Between 75 and 100 people filled the gym of the Hyde Park Methodist Church on Monday evening, September 8 for the general meeting of the Hyde Park Neighborhood Association. Among several serious issues was the consideration of a petition to support the request for a parking variance at the Duval Center. Development Review Committee chairman Stan Kozinski presented the committee's report and recommendation, setting the tone that kept the controversial pot from ever even coming to a boil. "The committee wasn't at all comfortable being put in the middle of a business dispute between two longtime businesses who have supported the neighborhood," he explained, "and we seriously considered taking no position at all." During the discussion, the group reviewed their famous fights with churches, schools, the post office, apartment complexes, and duplexes over the issue of parking, realizing that they'd had more arguments about parking than any other single issue. In the end, Kozinski noted, "we decided it was necessary to take a position that is consistent with the stand HPNA has always taken against more cars parking on the street," he said. Therefore, the steering committee recommended that the membership decline to support the variance.

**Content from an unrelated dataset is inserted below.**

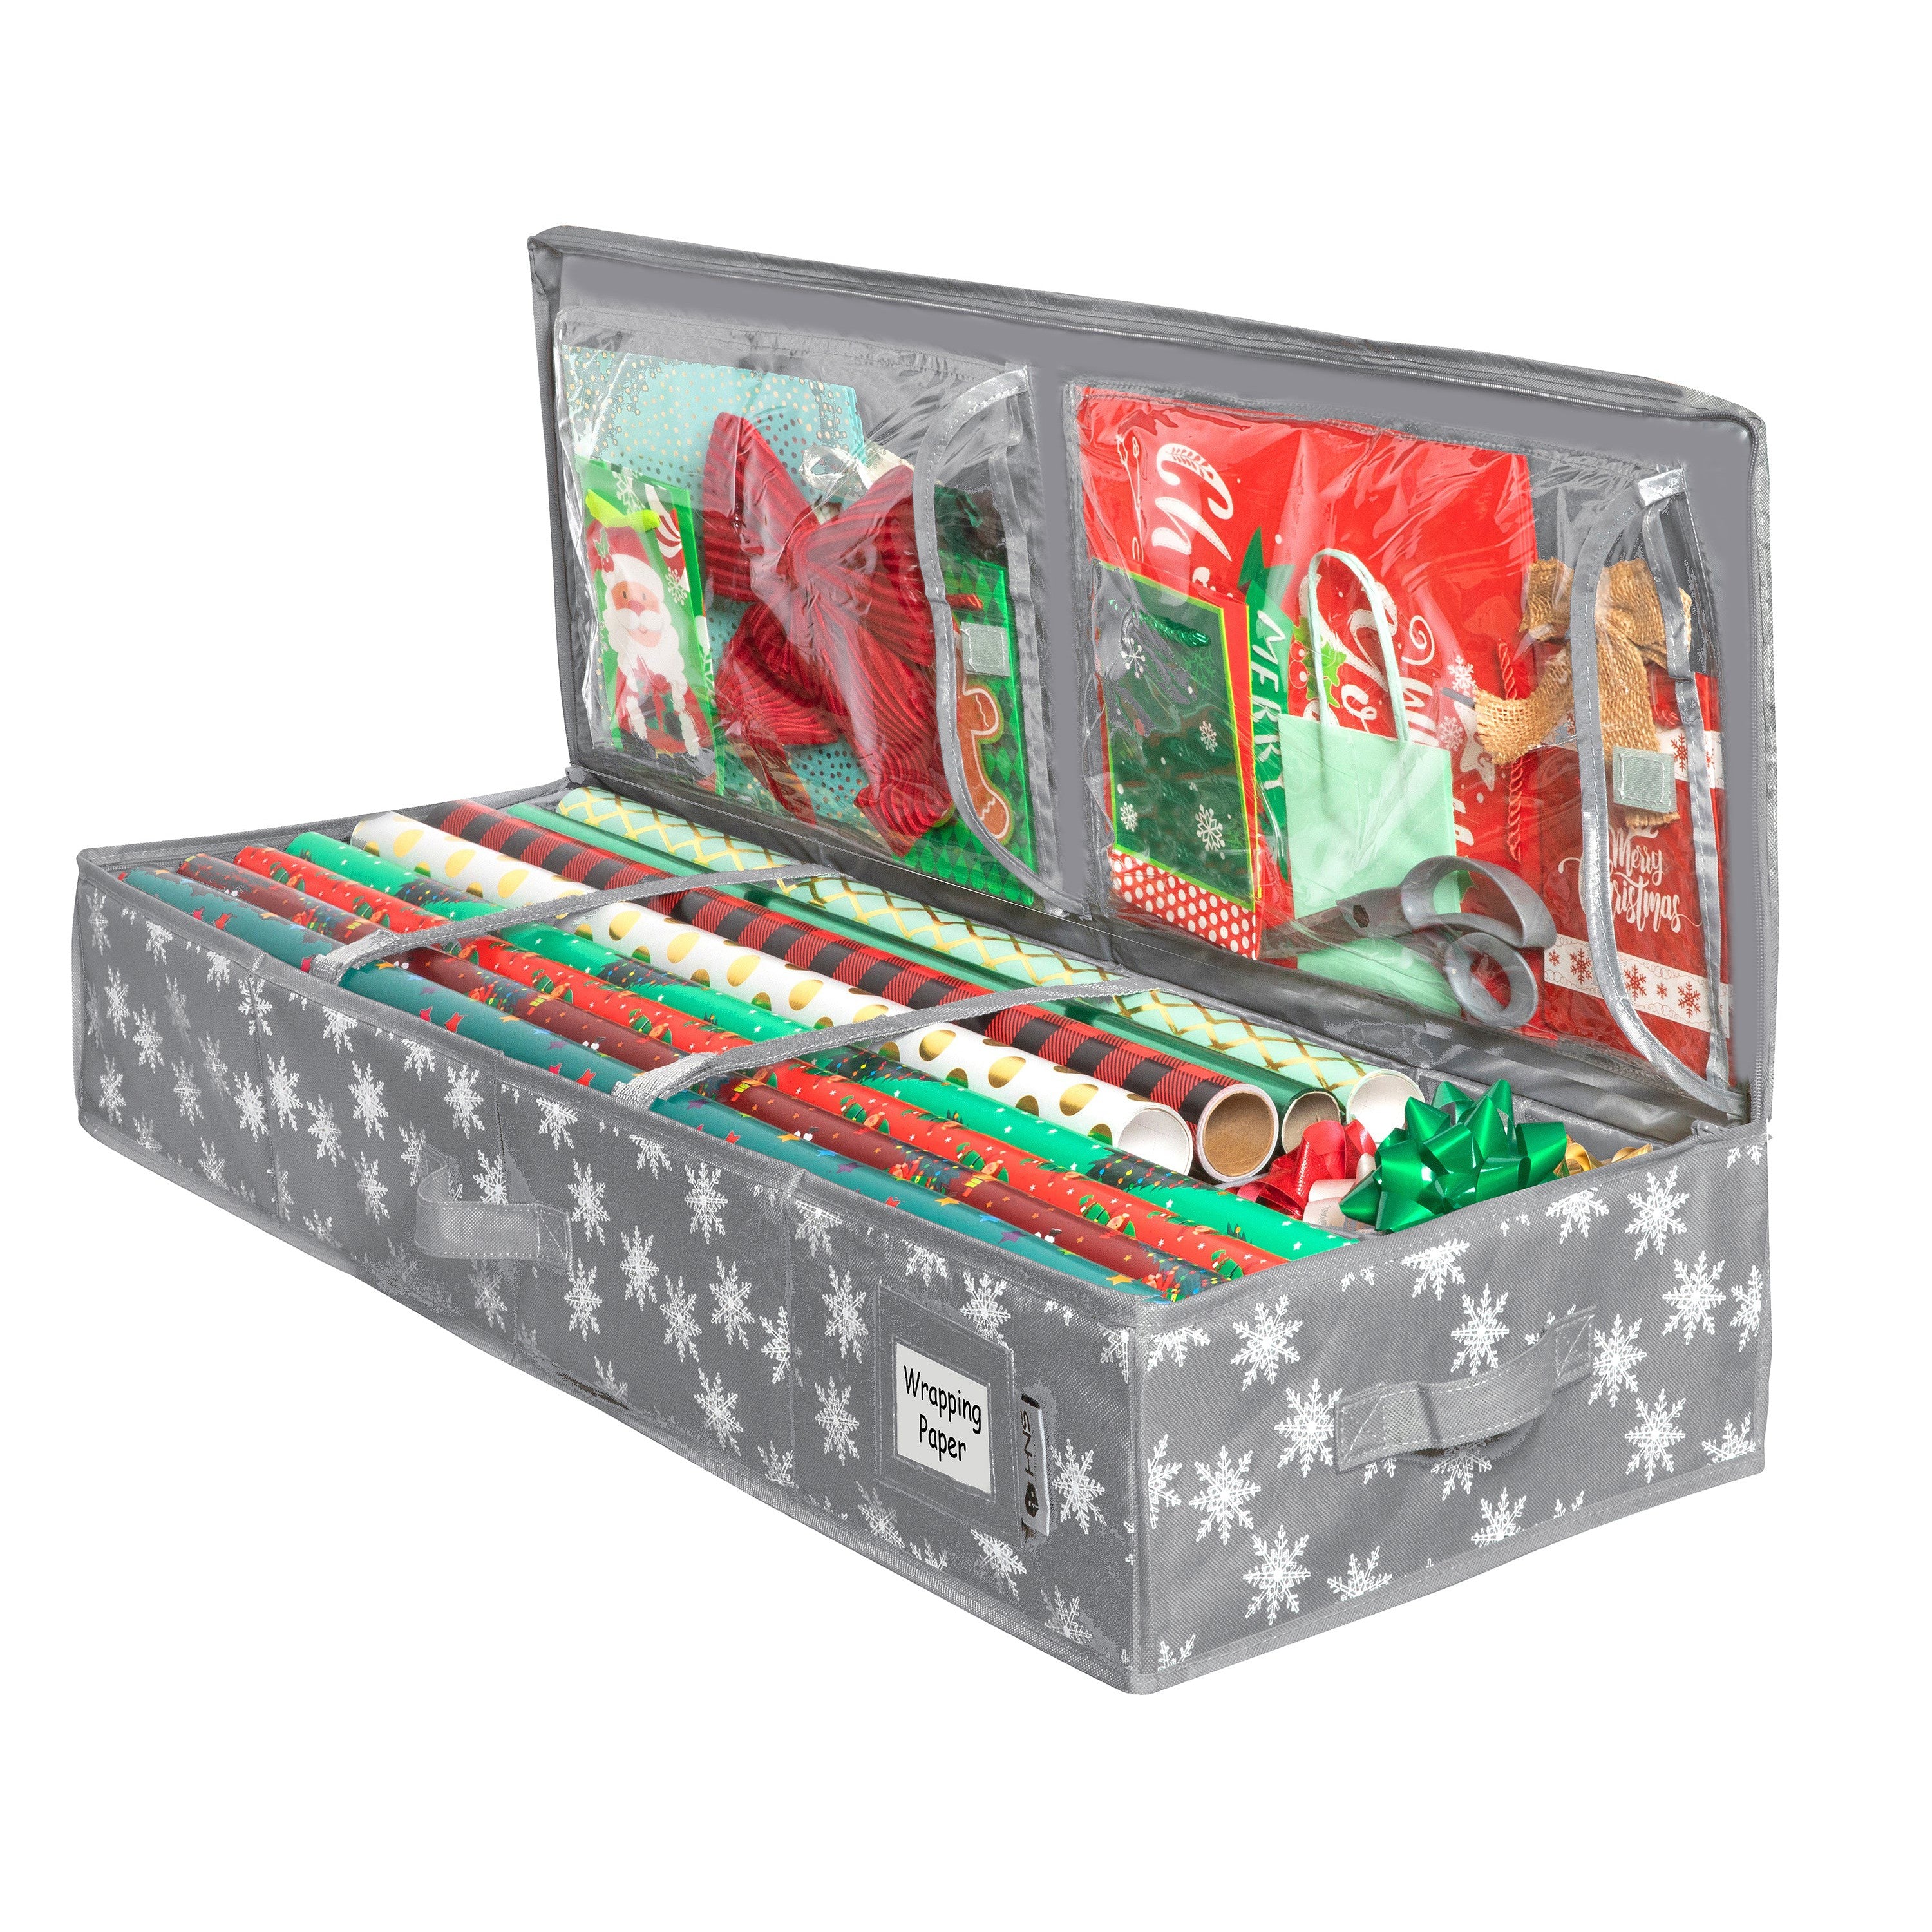 Wrapping Paper Storage Container – Up to 40” Rolls - Fits up to 27 Rolls 1 3/8” Diam. - Underbed Gift Wrap Organizer Bags, Wrapping Paper Rolls, Ribbon, and Bows - Under Bed- Tear-Resistant Durable Material 600D

Limiting the discussion and questions strictly to issues of parking rather than turning up the fire under the simmering dispute among Duval Center owner Ed Shaw, Hyde Park Bar & Grill owner Bick Brown, and Greg Cooper of Austin Java, the HPNA managed to keep the lid on a troublesome situation. Shaw, Cooper, and Brown all addressed the group in support of their positions, adding spice to the pot. Bick Brown assured the crowd that he was more than willing to sign a parking deal with a bakery operator who could negotiate a deal with Shaw. A petulant Shaw made dire predictions about the bakery space becoming a flower shop or bookstore because of Brown's monopoly. Greg Cooper described the clientele at the original Austin Java location as mostly pedestrians and bike riders, projecting that his prospective Hyde Park clientele would be the same. Though Cooper attempted to stir the pot with a petition that he described as having "650 signatures of Hyde Park residents who are begging us to come to this neighborhood," when the vote was taken only 23 members eligible to vote supported the variance that Cooper requested.

In the end, a majority of the HPNA eligible voting membership in attendance decided not to solve the business dispute with a parking variance and voted to accept the steering committee's recommendation against it. A simple statement reflecting that vote will be sent to the Board of Adjustment. Ed Shaw and Greg Cooper vowed to carry their request to the Board of Adjustment meeting and encouraged their supporters to write letters to the board rather than pack the meeting, as each side is only allowed five minutes to speak in support of its position. -- V.W.